Connecting your Raspberry Pi to a Bluetooth OBD-II Adapter

Ever heard the phrase “you just can’t work on cars these days because they’re all computerized”? Well, it’s 2013, and unless you’re an expert with pneumatic engine control systems, you’re probably in better shape working with the Engine Control Module. This post shows you how to connect your Raspberry Pi to a Bluetooth OBD-II adapter and to run a few simple commands.

Equipment List

First off, here’s a list of exactly what I’m using:


OBD stands for On-Board Diagnostics, and this standard connector has been mandated in the US since the 1996 model year. It’s a 16 pin connector, and by law, it must be within 2 feet of your steering wheel, so it should be pretty easy to find. Mine looks like this with a little door covering it most of the time:


The OBD-II connector is how you can connect to your car’s Controller Area Network (CAN) Bus. You can collect all sorts of real-time information from the CAN Bus through the OBD-II port, and also pull any “Check Engine Light” Malfunction Indicator Lamp (MIL) trouble codes. There are two flavors of MIL codes — those that cause the MIL to light up without flashing, and those that cause it to flash. If your MIL is on, but it isn’t flashing, you have an emissions problem — basically you’re polluting the environment more than you’re supposed to, but your car isn’t really at risk of damaging itself. Lots of things can cause the MIL to light up, your gas cap could be loose, you could have a bad O2 sensor, or your air/fuel ratio may be off. Cars run by burning a precise mixture air and fuel, and if that mixture is off, the car won’t be burning fuel as efficiently as it could be. If your MIL is blinking, you should pull over. Something is very wrong.

OBD-II Modes

The OBD-II specification defines 10 different modes of operation, each with a series of Parameter IDs (PID):

$01. Show current data
$02. Show freeze frame data
$03. Show stored Diagnostic Trouble Codes
$04. Clear Diagnostic Trouble Codes and stored values
$05. Test results, oxygen sensor monitoring (non CAN only)
$06. Test results, other component/system monitoring (Test results, oxygen sensor monitoring for CAN only)
$07. Show pending Diagnostic Trouble Codes (detected during current or last driving cycle)
$08. Control operation of on-board component/system
$09. Request vehicle information
$0A. Permanent DTC’s (Cleared DTC’s)

I’ve highlighted some of the more used ones. Mode 09 pulls vehicle information, like the manufacturer of the car, the Vehicle Identification Number (VIN), and other information that doesn’t change. Mode 03 is used to pull any stored trouble codes — these may or may not be causing the MIL to light up. Depending on the code, one or two might just be stored without lighting up the MIL. Mode 01 is full of great real time information like the engine’s current RPM, the current speed, the throttle position, coolant temperature, intake temperature, and all sorts of other sensor information.
First off, you’ll want to plug the Bluetooth OBD-II adpater into this port and turn the car on. The Bluetooth adapter uses an ELM327 chip to communicate with the CAN bus over OBD-II. The ELM327 chip is a programmed microcontroller produced by ELM Electronics for translating the OBD interface. The ELM327 command protocol is one of the most popular PC to OBD interface standards, it’s the best way to communicate with the CAN bus over OBD-II.

Once we have the OBD-II adapter plugged in and powered on, we’ll need to connect to it from our Raspberry Pi.

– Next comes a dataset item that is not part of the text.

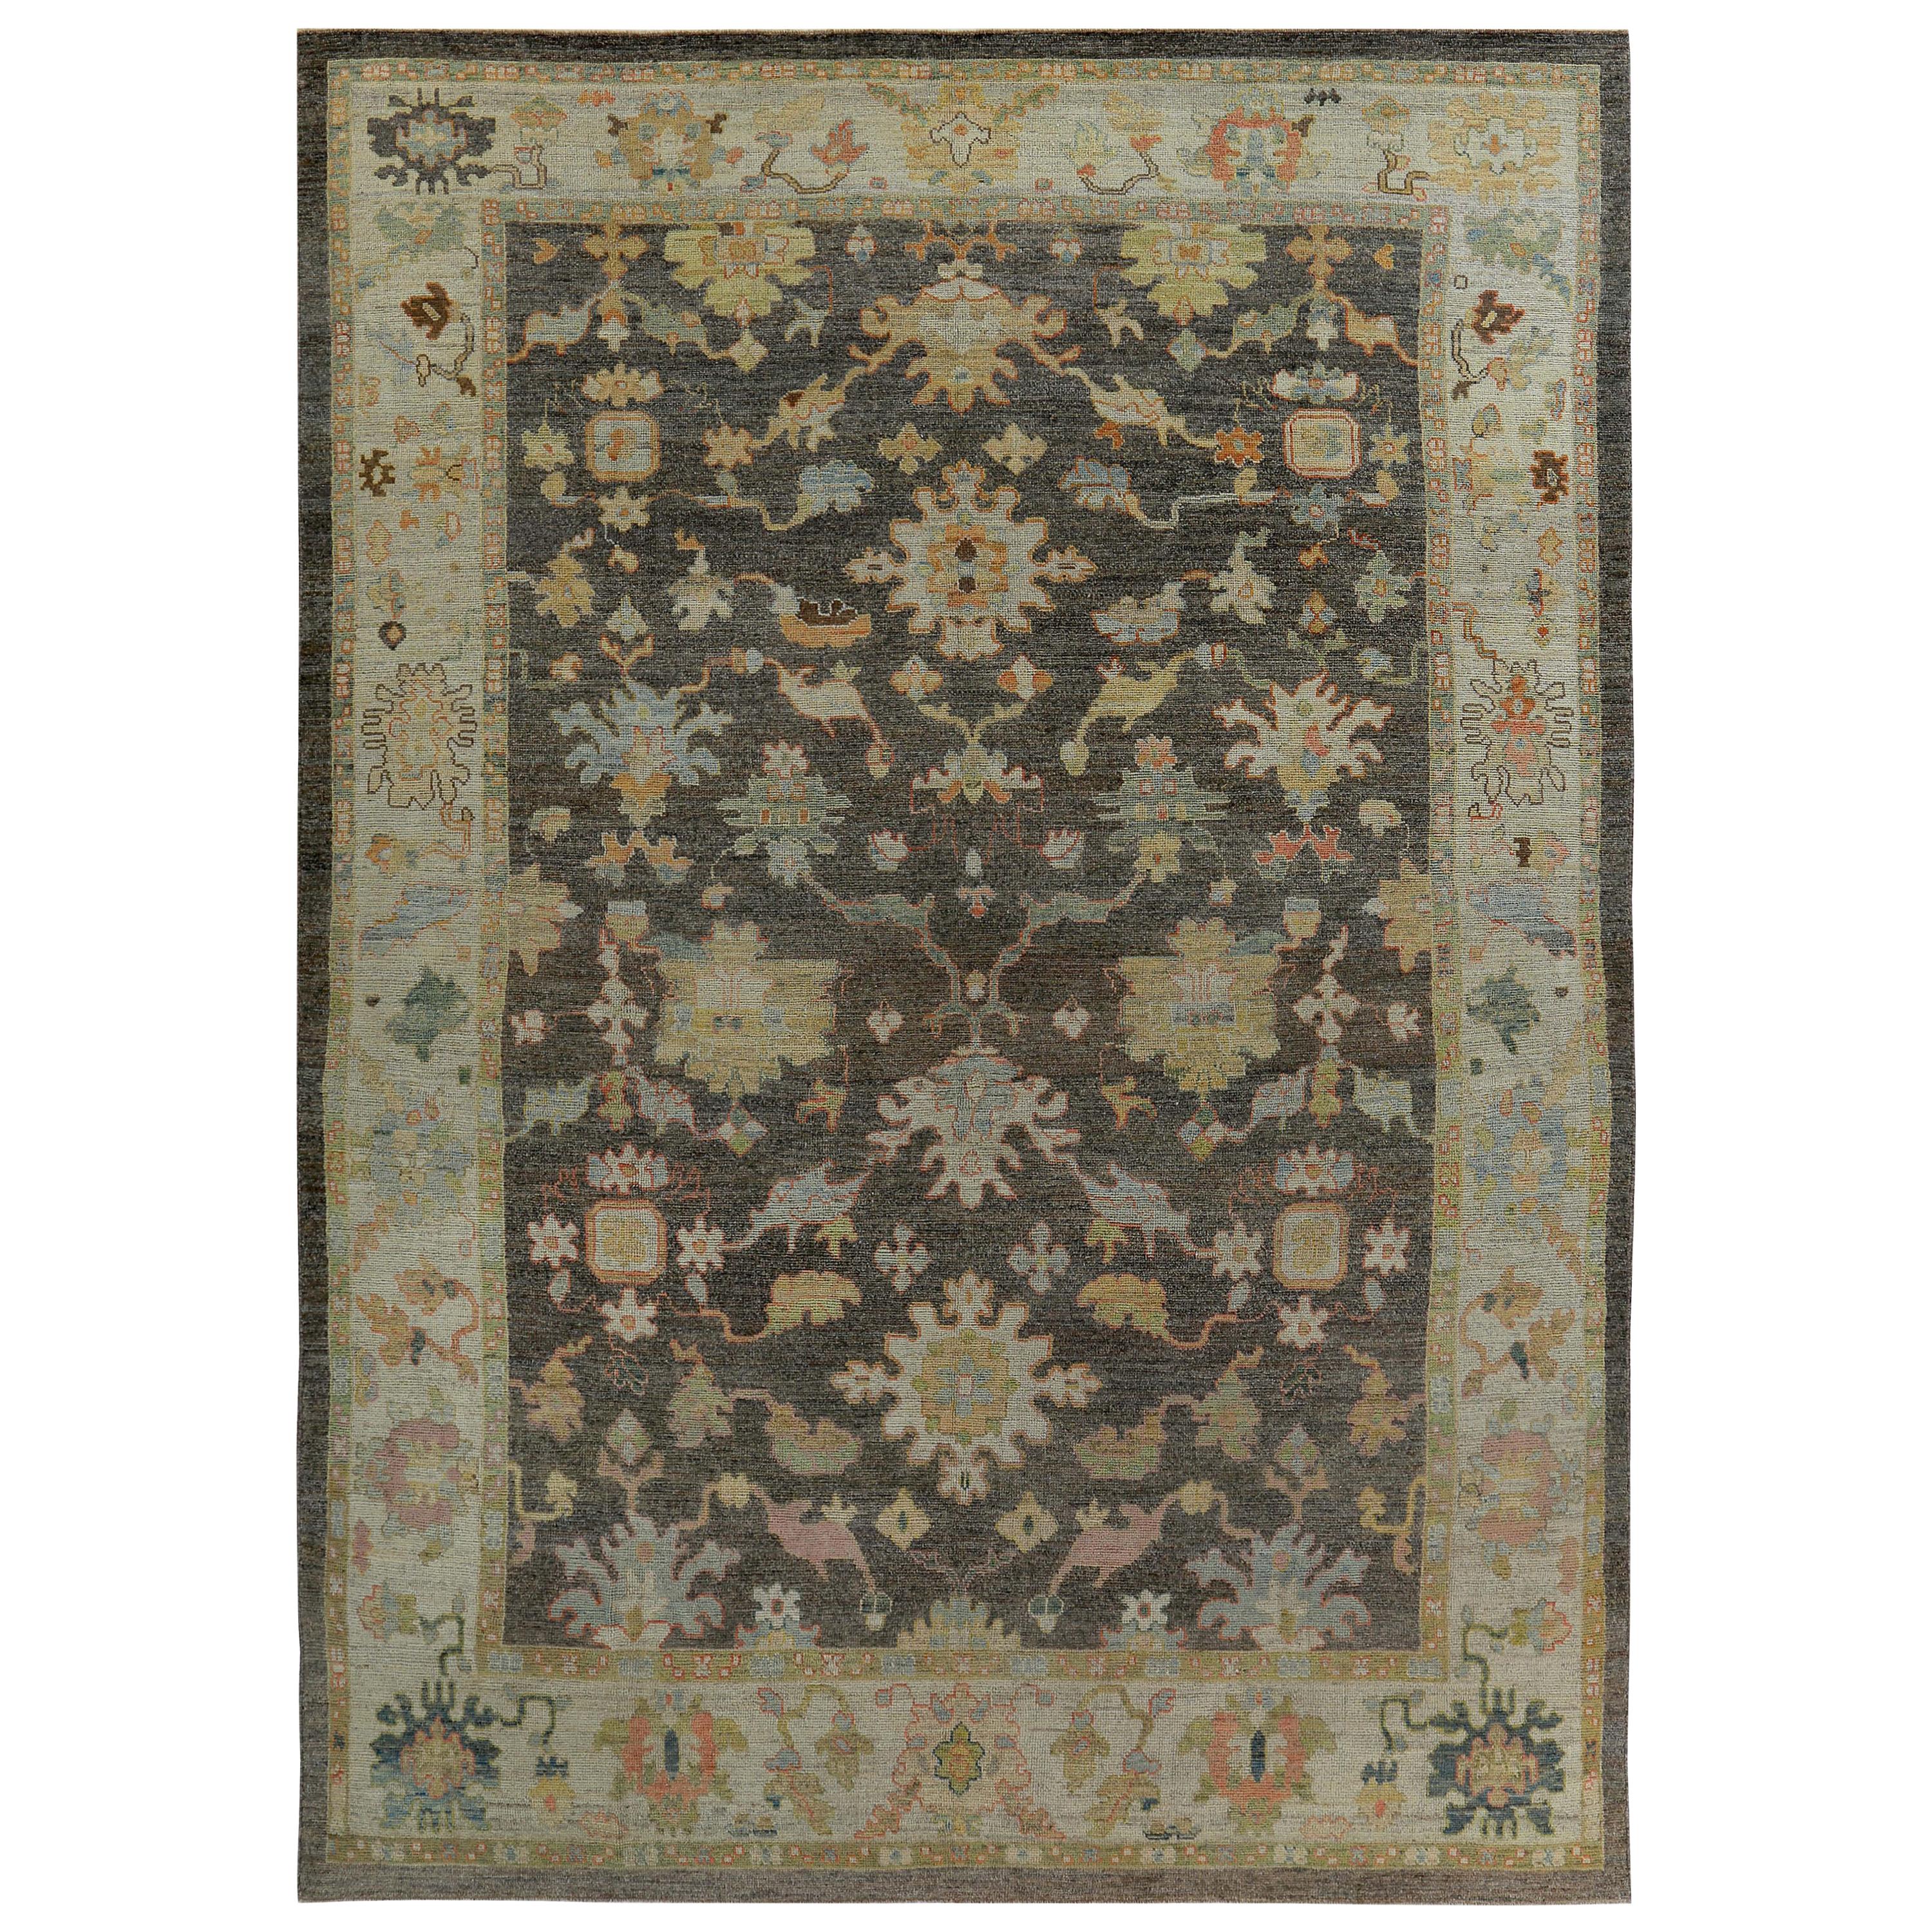 Turkish Oushak Rug with Pink and Blue Floral Details on Ivory and Brown Field

As you can see here, I’ve plugged my Bluetooth USB adapter into it, and I’ll be connecting over SSH for most of the rest of this (though you could just plug in to an HDMI monitor and open the terminal). I’m using Raspbian OS on my Pi, which is a variant of Debian.

There are a few things you’ll need to do to get bluetooth working on your Raspberry Pi. First off, some of this requires you to be root, so unless you’re super concerned about security on your Pi, just do everything else here as root:

pi@raspberrypi ~ $ sudo su root@raspberrypi:/home/pi#

If this is a new Raspberry Pi, and you haven’t already updated the apt-get package manager, you’ll want to do that now:

# apt-get  update

*# apt-get upgrade*

These will take awhile to run, so go have a coffee or something. Once apt-get is up to date, you’ll want to enable DBus:

# update-rc.d -f dbus defaults

D-Bus is a message-bus system, a way for applications to talk to one another. It works with Unix sockets between applications and daemons. It is needed by Bluez, which we’ll be installing in a moment. At  this point, however, you should restart your Pi:

# reboot

After logging back in and re-entering root mode, you can then install a few bluetooth tools using apt-get:

# apt-get install bluetooth bluez-utils blueman

Now if you list the USB devices on your Pi, you should see the Bluetooth dongle connected (mine is the Broadcom Corp one below):

# lsusb

Bus 001 Device 002: ID 0424:9512 Standard Microsystems Corp. Bus 001 Device 001: ID 1d6b:0002 Linux Foundation 2.0 root hub Bus 001 Device 003: ID 0424:ec00 Standard Microsystems Corp. Bus 001 Device 004: ID 0a5c:21e8 Broadcom Corp.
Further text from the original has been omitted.